[[ RECORDS SUPPLIED open ]]

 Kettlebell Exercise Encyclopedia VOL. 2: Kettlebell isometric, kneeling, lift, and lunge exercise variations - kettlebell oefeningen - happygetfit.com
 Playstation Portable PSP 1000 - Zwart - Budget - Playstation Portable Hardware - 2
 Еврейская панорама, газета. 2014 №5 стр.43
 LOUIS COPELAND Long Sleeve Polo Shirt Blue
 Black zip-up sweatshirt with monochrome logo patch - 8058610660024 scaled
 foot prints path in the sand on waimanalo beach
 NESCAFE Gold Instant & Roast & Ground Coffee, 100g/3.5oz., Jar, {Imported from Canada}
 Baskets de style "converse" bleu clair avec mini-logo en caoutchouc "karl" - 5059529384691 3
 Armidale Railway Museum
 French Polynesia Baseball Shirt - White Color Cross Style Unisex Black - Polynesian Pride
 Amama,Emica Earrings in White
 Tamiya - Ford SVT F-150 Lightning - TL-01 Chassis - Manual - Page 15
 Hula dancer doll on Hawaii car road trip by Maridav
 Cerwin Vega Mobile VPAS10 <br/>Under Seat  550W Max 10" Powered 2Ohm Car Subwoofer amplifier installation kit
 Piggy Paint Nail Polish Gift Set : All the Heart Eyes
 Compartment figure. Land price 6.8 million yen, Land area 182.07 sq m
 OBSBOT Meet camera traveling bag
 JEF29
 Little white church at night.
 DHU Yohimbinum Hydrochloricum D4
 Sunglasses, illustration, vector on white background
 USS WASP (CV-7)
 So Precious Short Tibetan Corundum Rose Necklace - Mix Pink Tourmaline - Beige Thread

[[ RECORDS SUPPLIED closed ]]

**WHAT THE EXERCISE ASKS:**
Which lines of the entries above contain the word "Black"? Copy each of them.

**RESULT:**
 Black zip-up sweatshirt with monochrome logo patch - 8058610660024 scaled
 French Polynesia Baseball Shirt - White Color Cross Style Unisex Black - Polynesian Pride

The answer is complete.